Unconsciously Maaret ran a hand over her swollen stomach. That the child should die was the most hurtful thing of all. She had created her baby with the love she had for her husband.
“Please, Maaret,” he whispered just strongly enough to be heard above the wind. “Please forget this madness and come away with me.”
She smiled sadly and touched his lips with her cold fingers. Even with her glove off, she no longer felt his flesh beneath her. The distance she felt from him scared her, and that distance grew with each gray breath.
“No,” she said simply. “It is too late.”
“It isn’t too late.” His stubbornness overrode the fear. “I can save you from this.” His hand touched her stomach, then slid to the belt of explosives she wore around her hips.
“It is too late,” she insisted. She took his hand in hers. “They watch us even now.”
He shook his head. At times, he was so like a child. She thought, even then as she faced her death, that he would have made a wonderful father.
If he had stayed.
And if he had stayed and been found out, he would have been killed.

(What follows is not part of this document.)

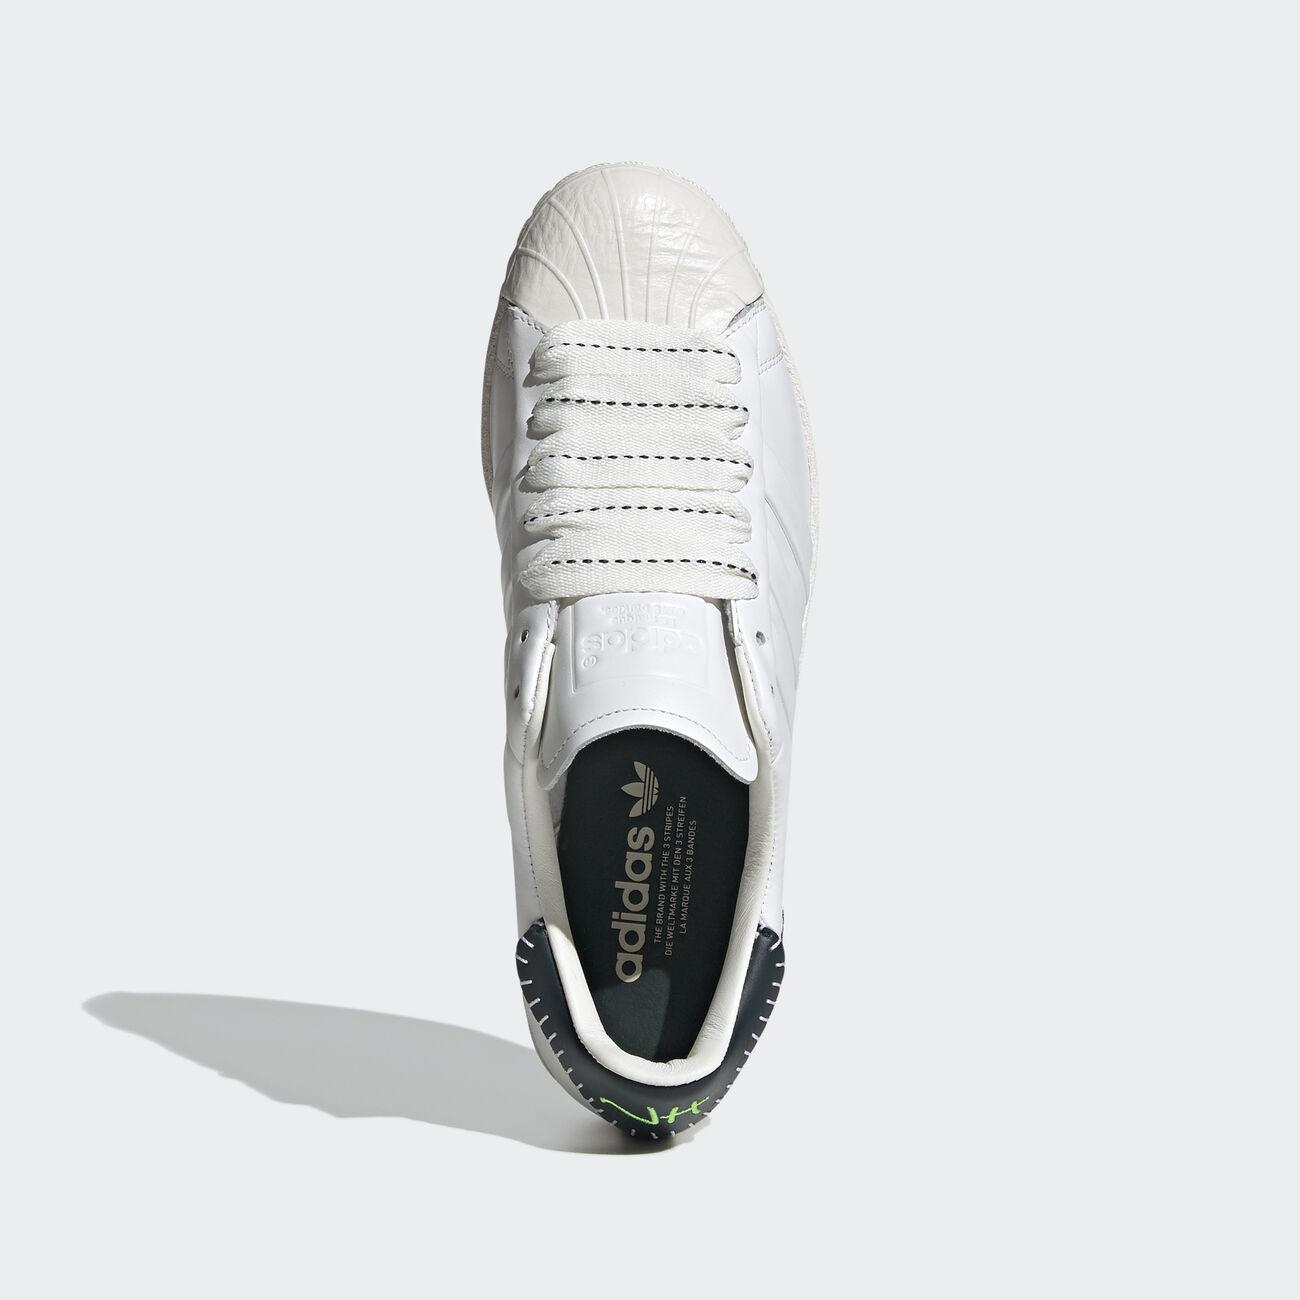 adidas Superstar x Jonah Hill

People passed them as they stood there. Older couples gave them knowing smiles, undoubtedly thinking that this was a spat between a young husband and wife. Those people didn’t have many concerns. They lived in an affluent part of Moscow where the night was held back by bright lights and fences protected the pond and the tall apartment buildings. Snow dusted the boughs of the mighty pine and spruce trees, and swirled between the naked branches of tall oaks.
In addition to wealthy Russians, Americans and Europeans lived there, as well. That was why the area had been targeted.

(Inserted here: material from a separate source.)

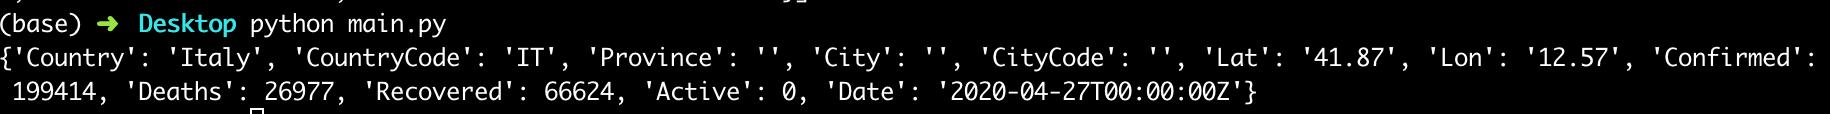 come ottenere dati coronavirus in formato JSON con python usando una API

“I…I…” Her husband’s voice broke, and his obvious pain and confusion and desperation fueled her own. “I can fix this, Maaret. I swear.”
She knew, though, that his promise was hollow. He had masters and allegiances just as she had. Neither of them could escape their fates.
“You can’t,” she told him.
“There must be a way.”
“No.” She shook her head. “They have found you out, my love. They know what you truly are.”
The tears that tracked his face glistened like diamonds in the streetlights. Like a child, he wiped them away with his sleeve. Then he glared across the walkway that wound through the residential area. A few of the nearby windows held Christmas ornaments and lights.